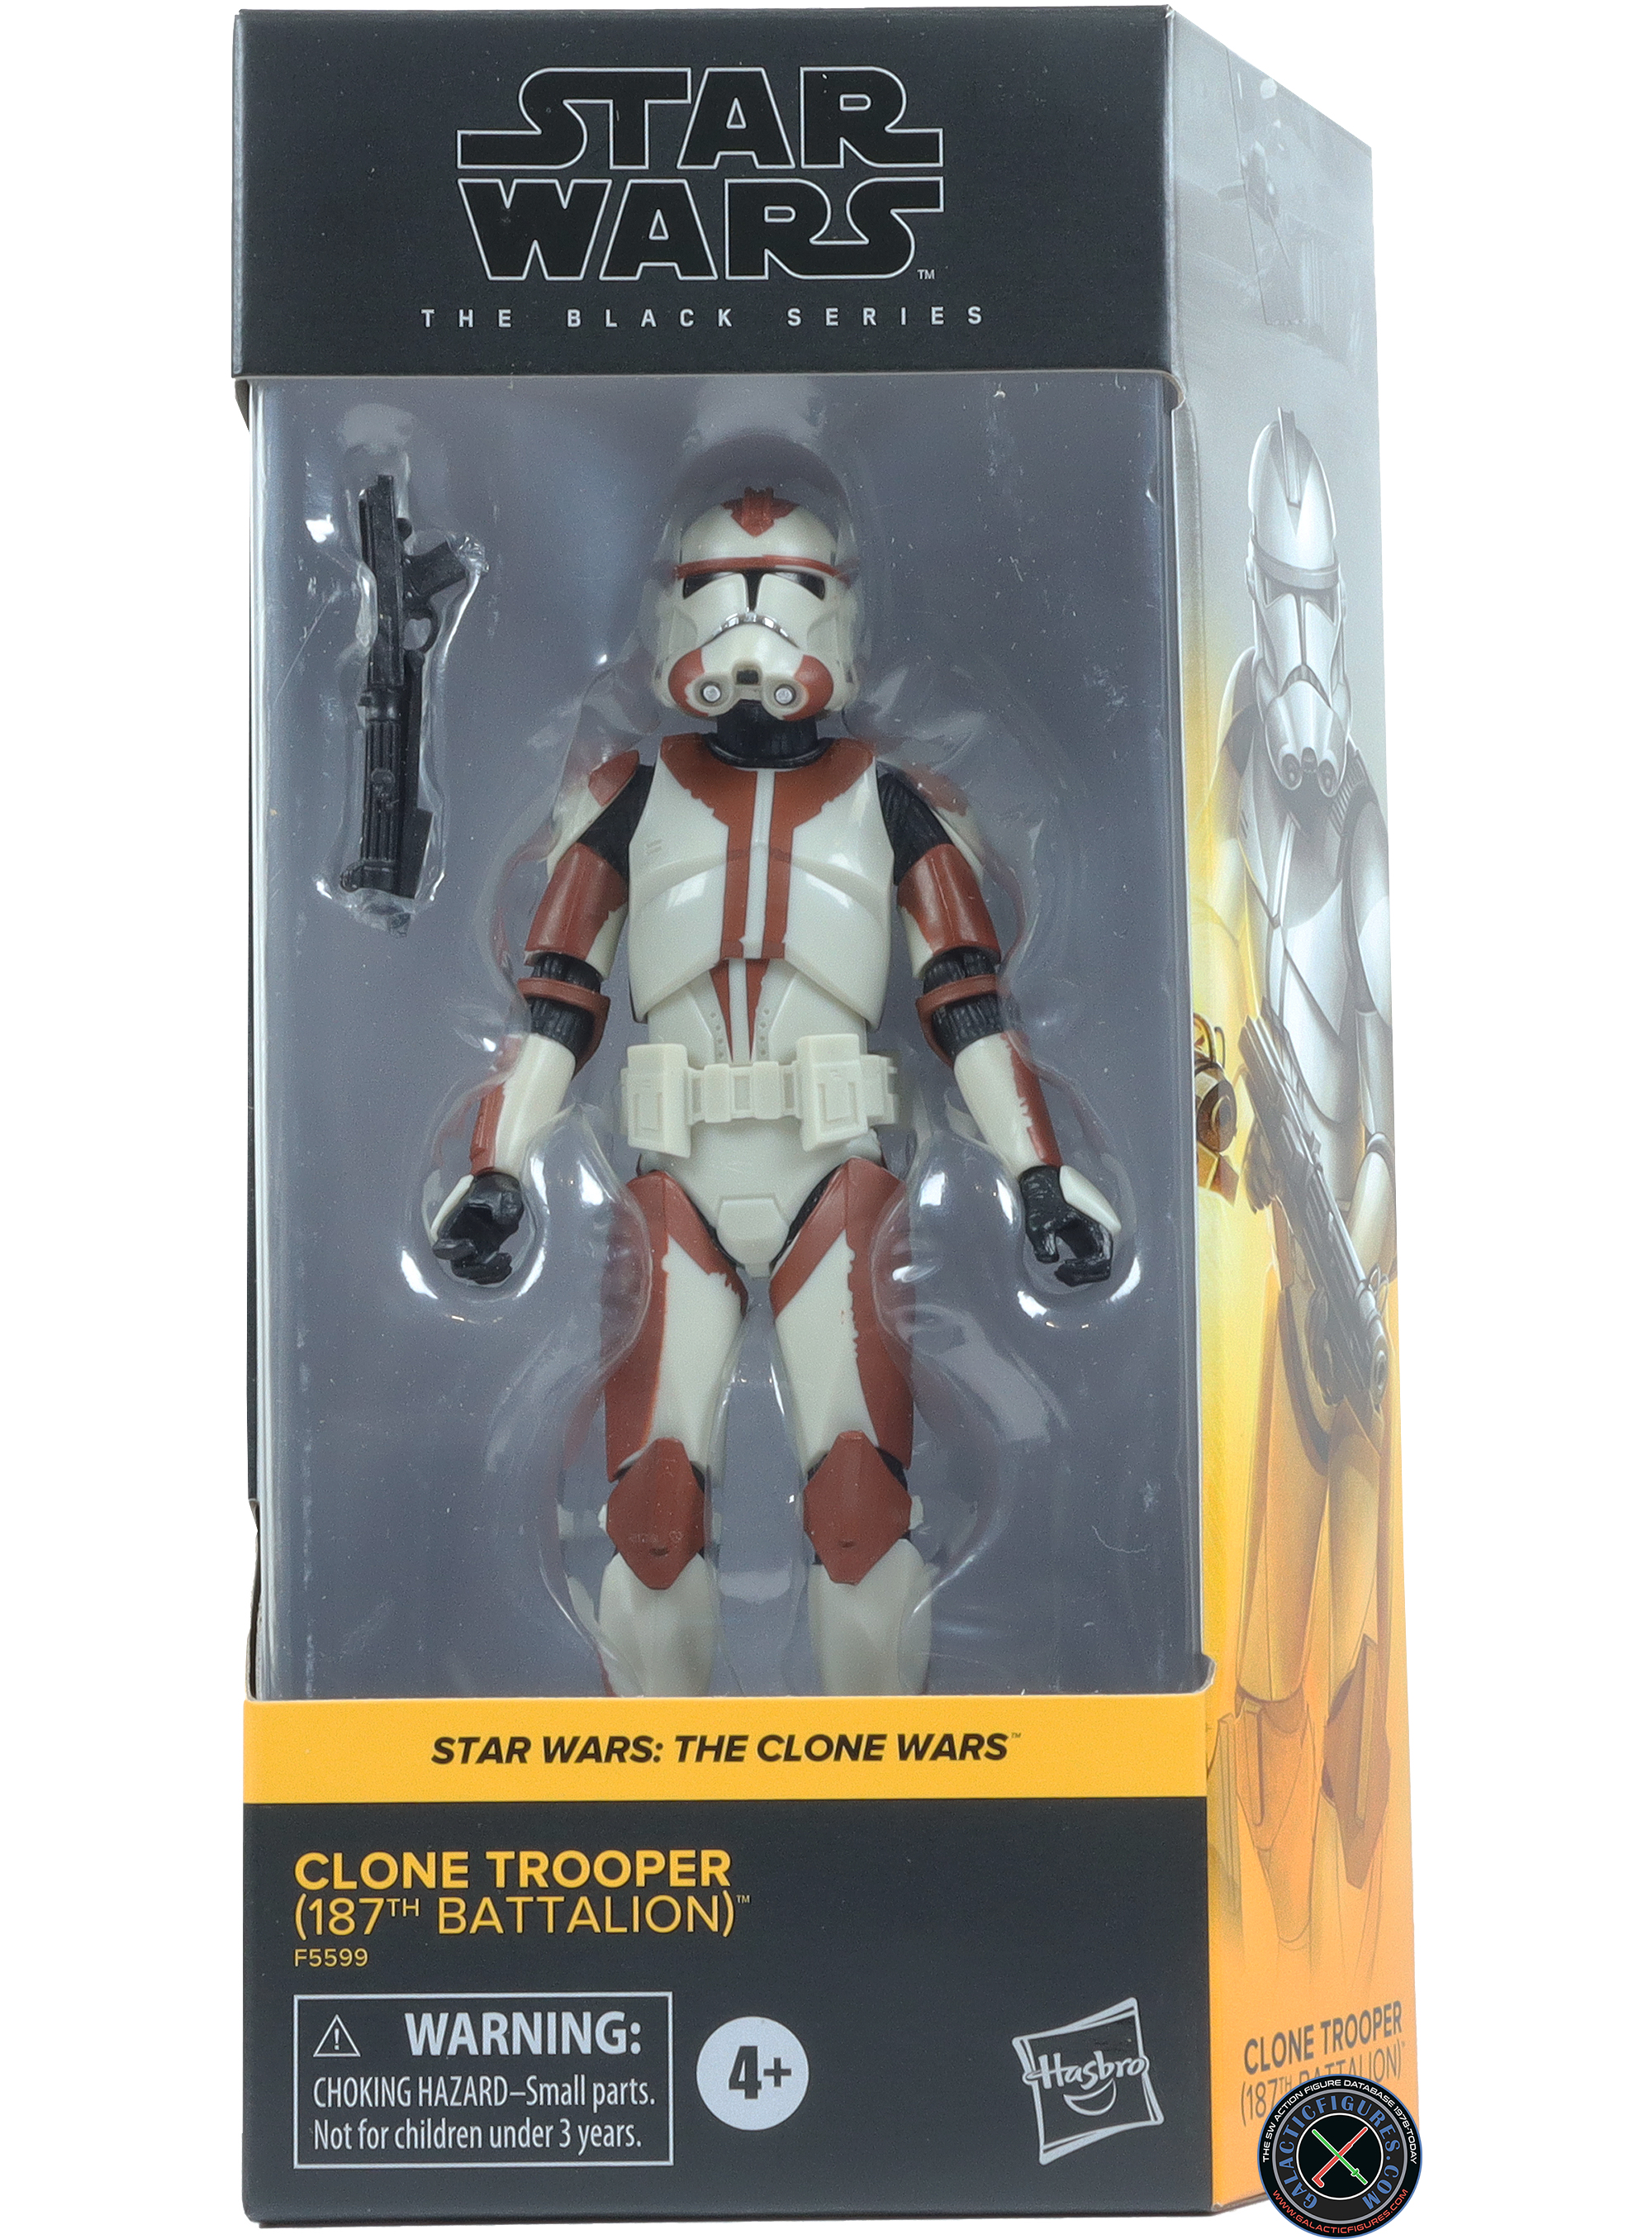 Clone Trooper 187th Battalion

##############################

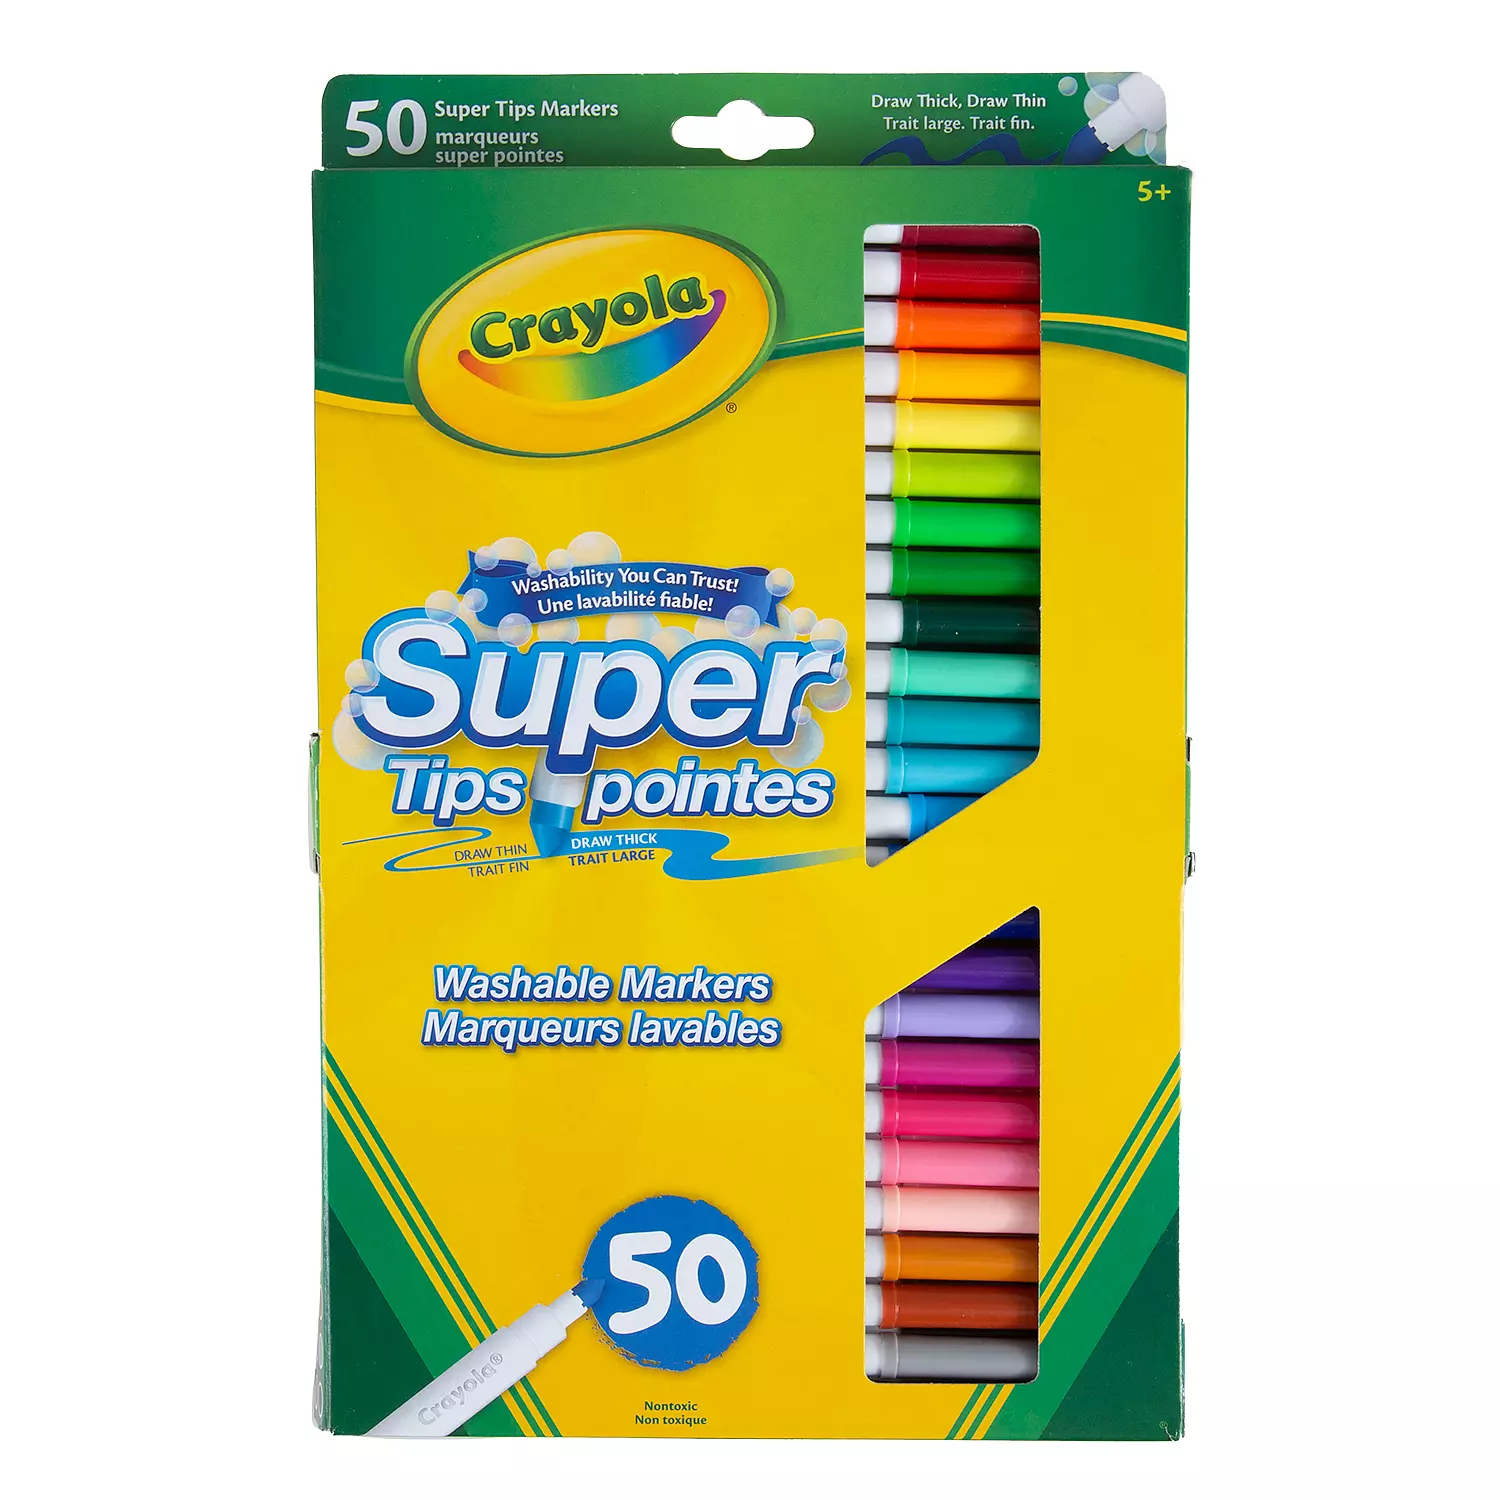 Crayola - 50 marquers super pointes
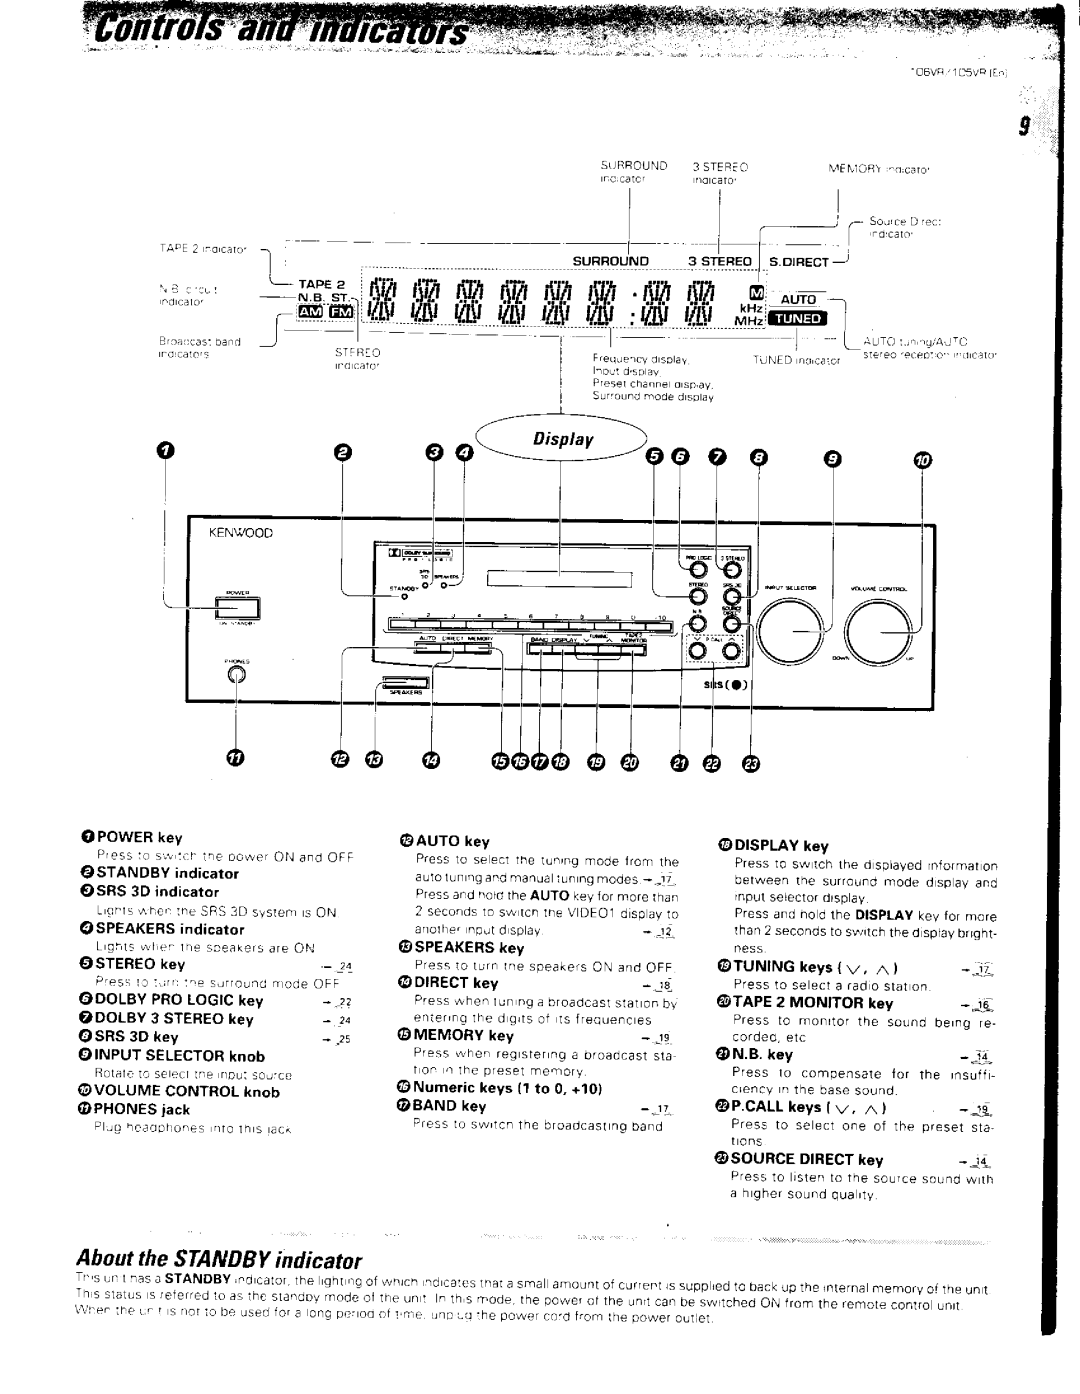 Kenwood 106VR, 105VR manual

##############################

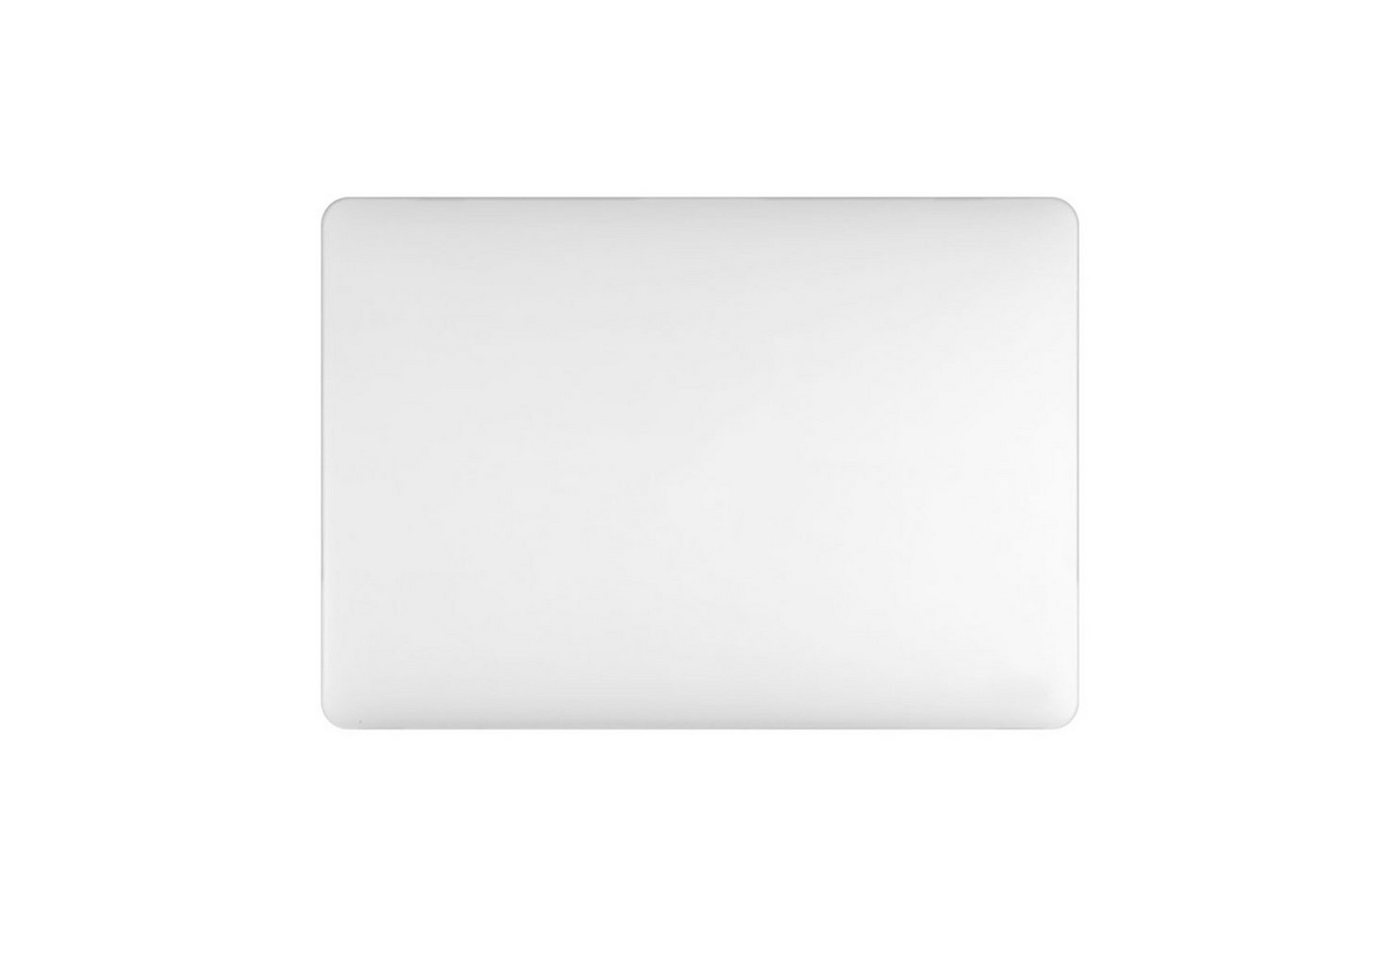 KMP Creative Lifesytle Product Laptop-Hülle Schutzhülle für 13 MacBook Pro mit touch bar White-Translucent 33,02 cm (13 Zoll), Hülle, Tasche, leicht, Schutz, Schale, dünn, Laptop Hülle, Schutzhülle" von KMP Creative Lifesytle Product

##############################

Instructions to follow =>
Output exactly, and only, the lines of the entries above from the one with "Crayola - 50 marquers super pointes" up to and including the one with "Kenwood 106VR, 105VR manual"; pictures are to be left out.

Task answer =>
 Crayola - 50 marquers super pointes
 Kenwood 106VR, 105VR manual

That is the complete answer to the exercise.